It’s difficult to determine if there is simply an ingredient missing or if something is wrong with the entire recipe. In Charlie Countryman, originally titled The Necessary Death of Charlie Countryman, Shia LaBeouf (Transformers, Lawless) plays a traveling nomad who falls deeply in love with a foreign cellist player, portrayed by Evan Rachel Wood (The Wrestler, Across the Universe).
Visually, indie director Fredrik Bond creates a hypnotic love story that shifts between majestical realism, stylized violence, and life-altering situations. Much like a Nicolas Winding Refn film, it’s quite easy to either get lost in the style or create a long list of flaws within the plot. If nothing else, despite a series of clichés, the film takes chances to make it original in a time when audiences time bathroom visits to all-too-well-know plot points.
Plot-wise, there is little that hasn’t been seen over and over again.

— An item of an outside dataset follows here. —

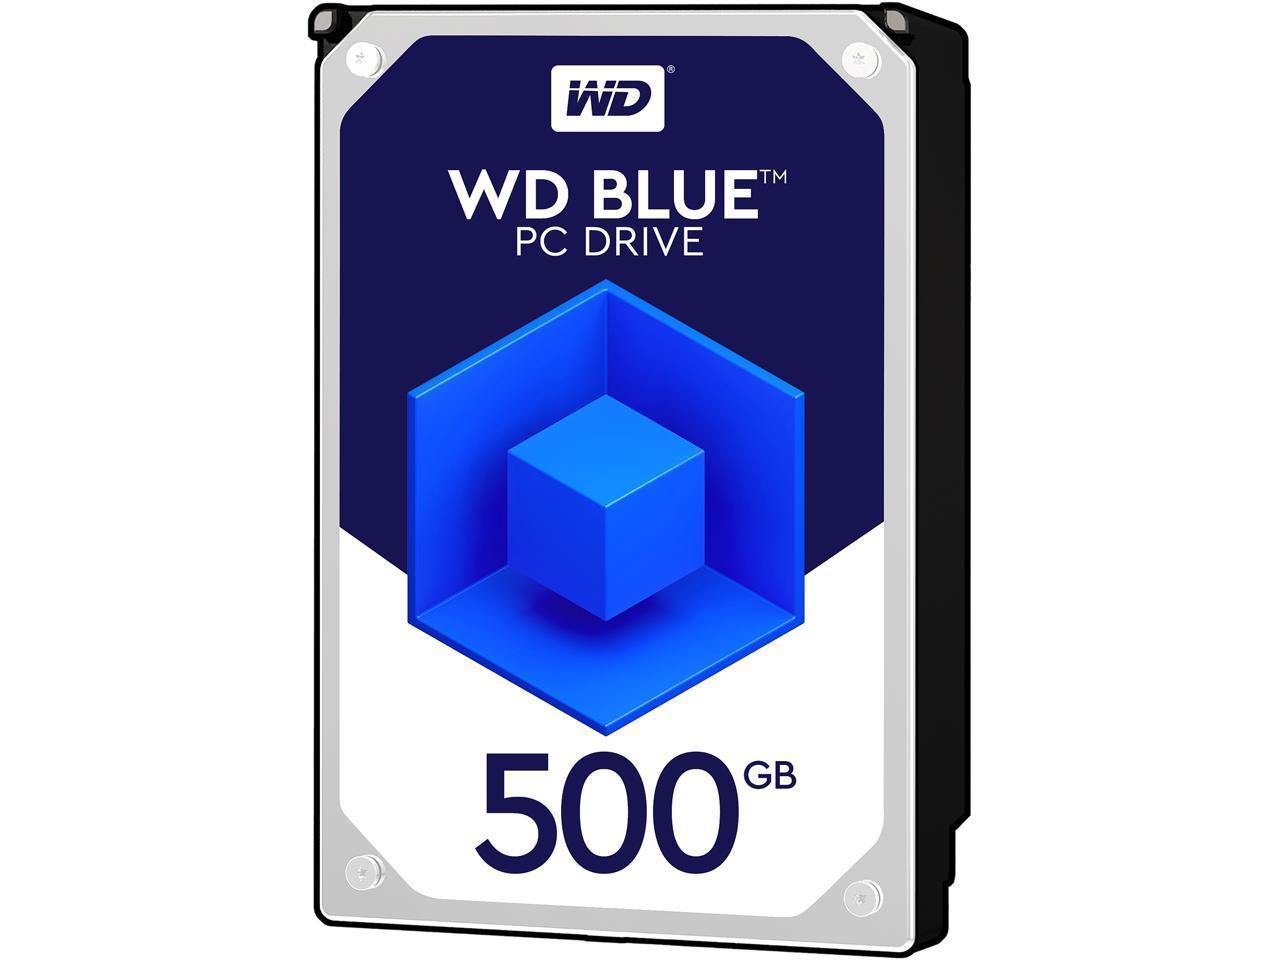 Хард диск WD Blue, 500GB, 7200rpm, 64MB, SATA 3, WD5000AAKX

There are some supernatural elements that one is left to ponder about Charlie’s abilities with the recently deceased, some seemingly out-of-place movie references scattered throughout, and more Tom-Cruise-runs than the last Mission Impossible movie.

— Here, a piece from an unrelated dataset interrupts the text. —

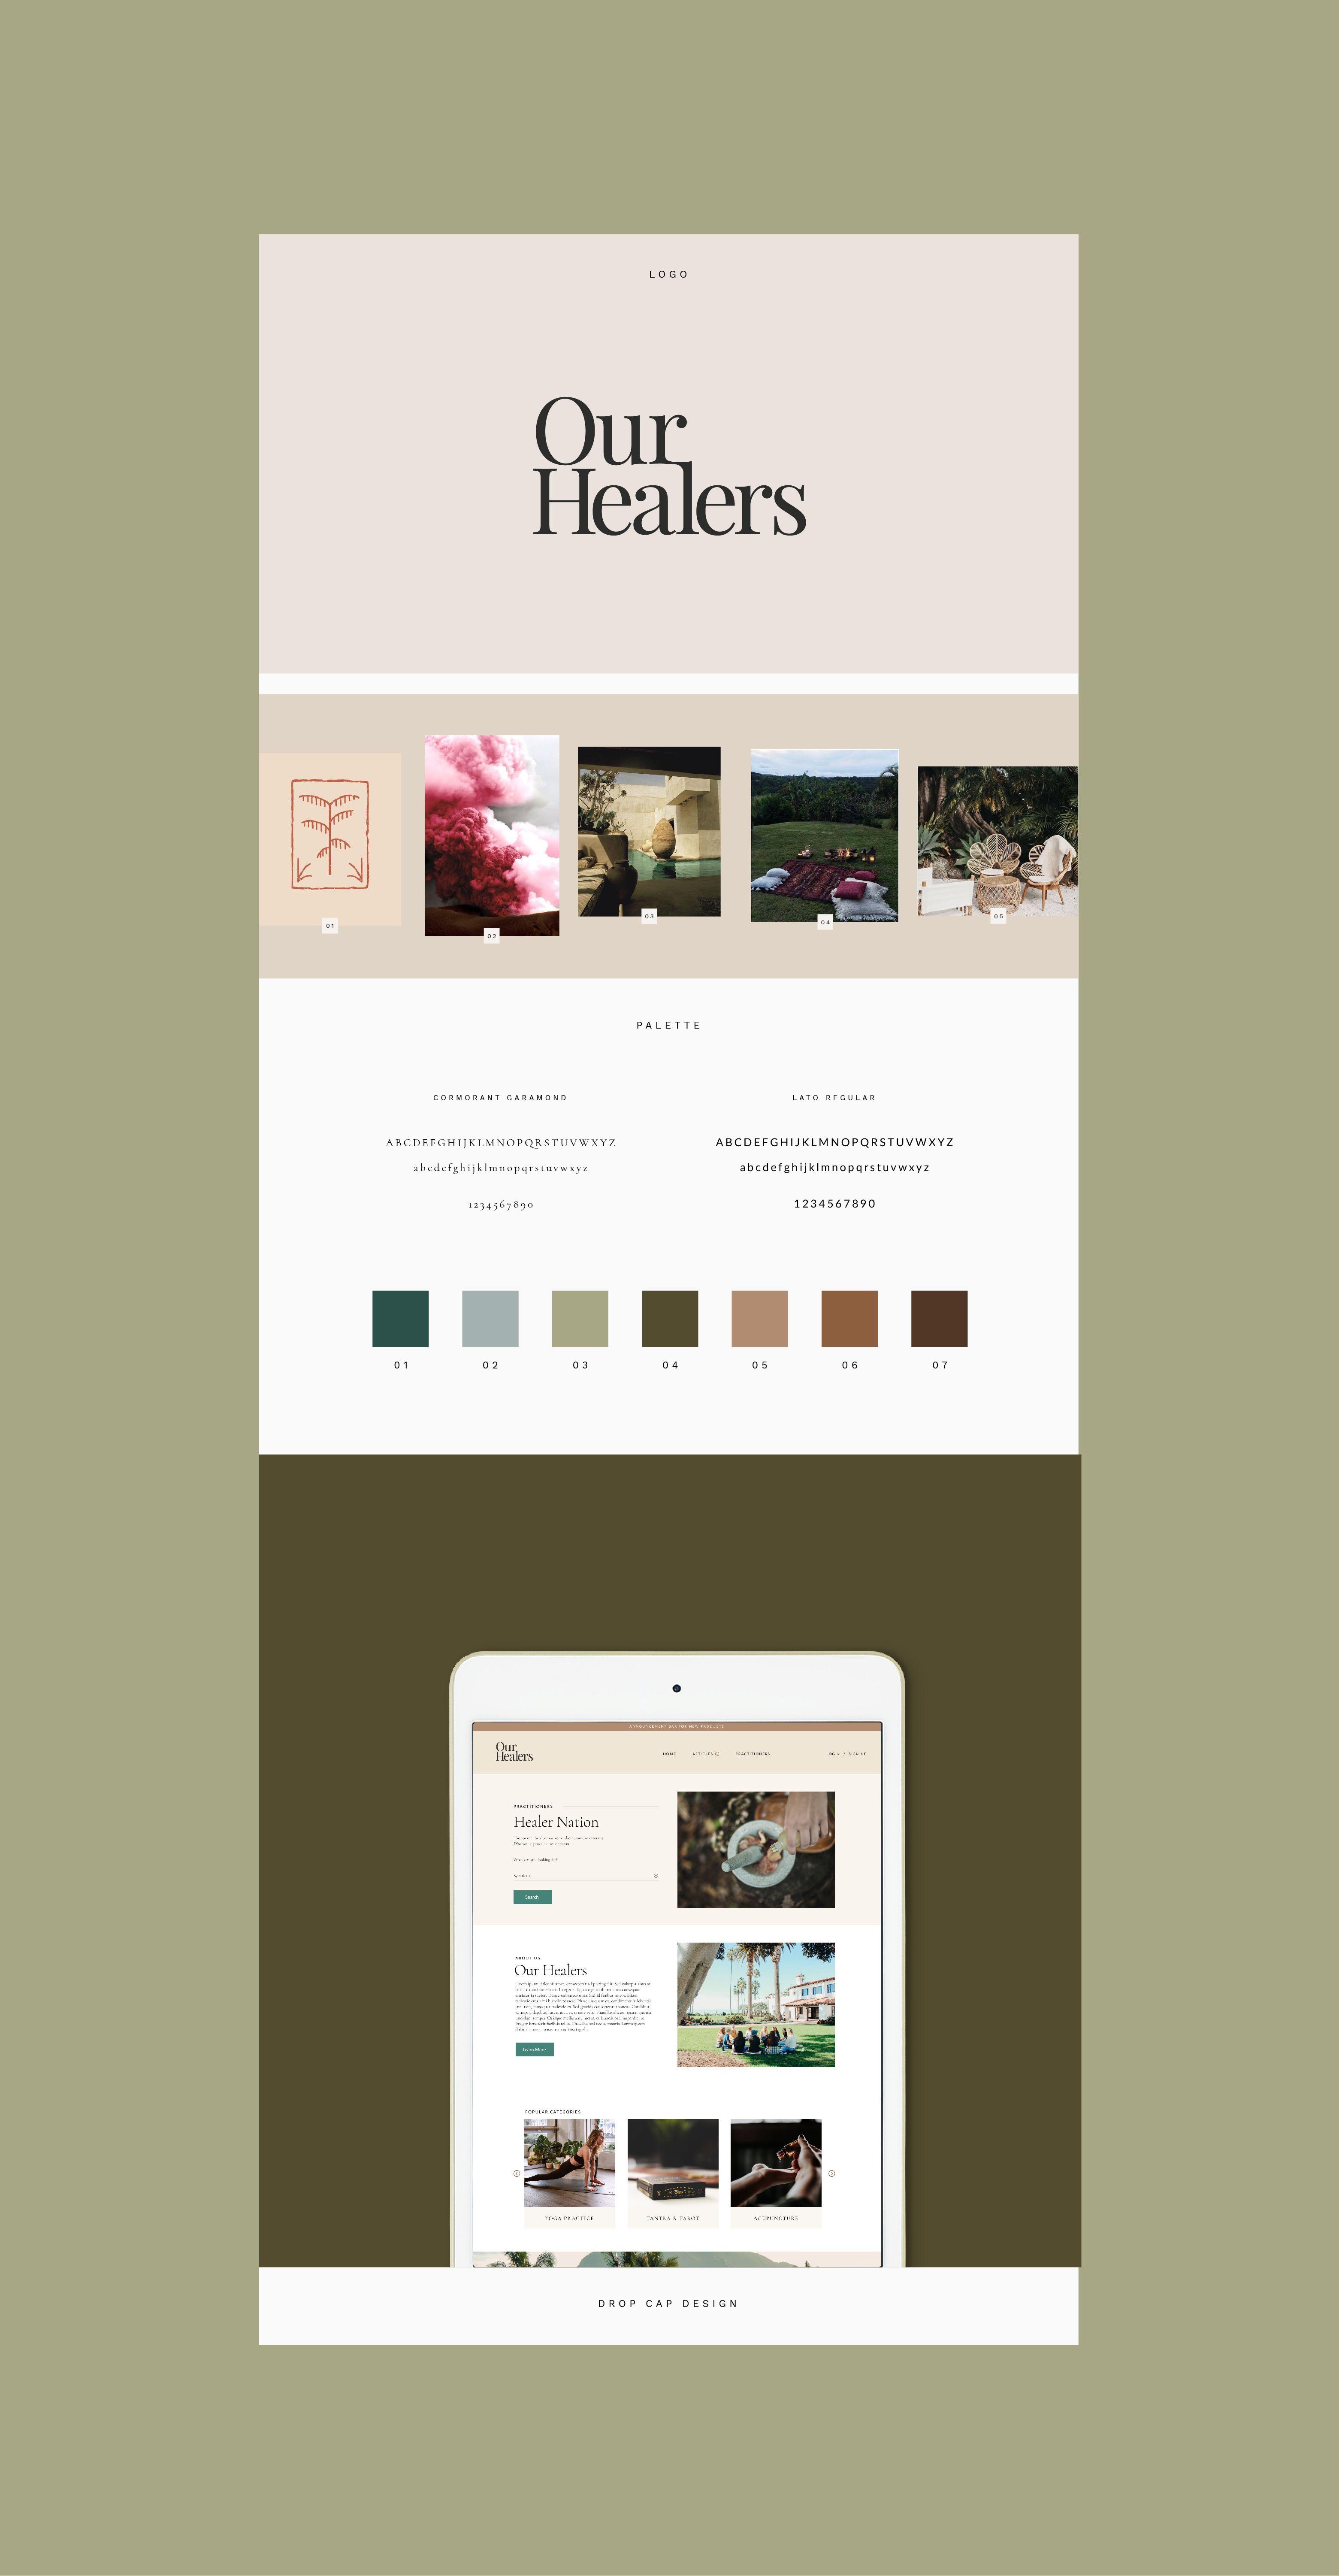 Our Healers Brand Design Branding Design Drop Cap Design Creative Entrepreneur Design

However, ever since LaBeouf verbally flipped off the Transformers franchise as well as the studios, one can’t help but wonder where he will go next. While this film is far from a masterpiece, it’s a curious step in the career of LaBeouf (the method actor dropped acid for this film) and hopefully a launching point for first time film director Fredrik Bond, formerly only associated with Moby, who scores the film.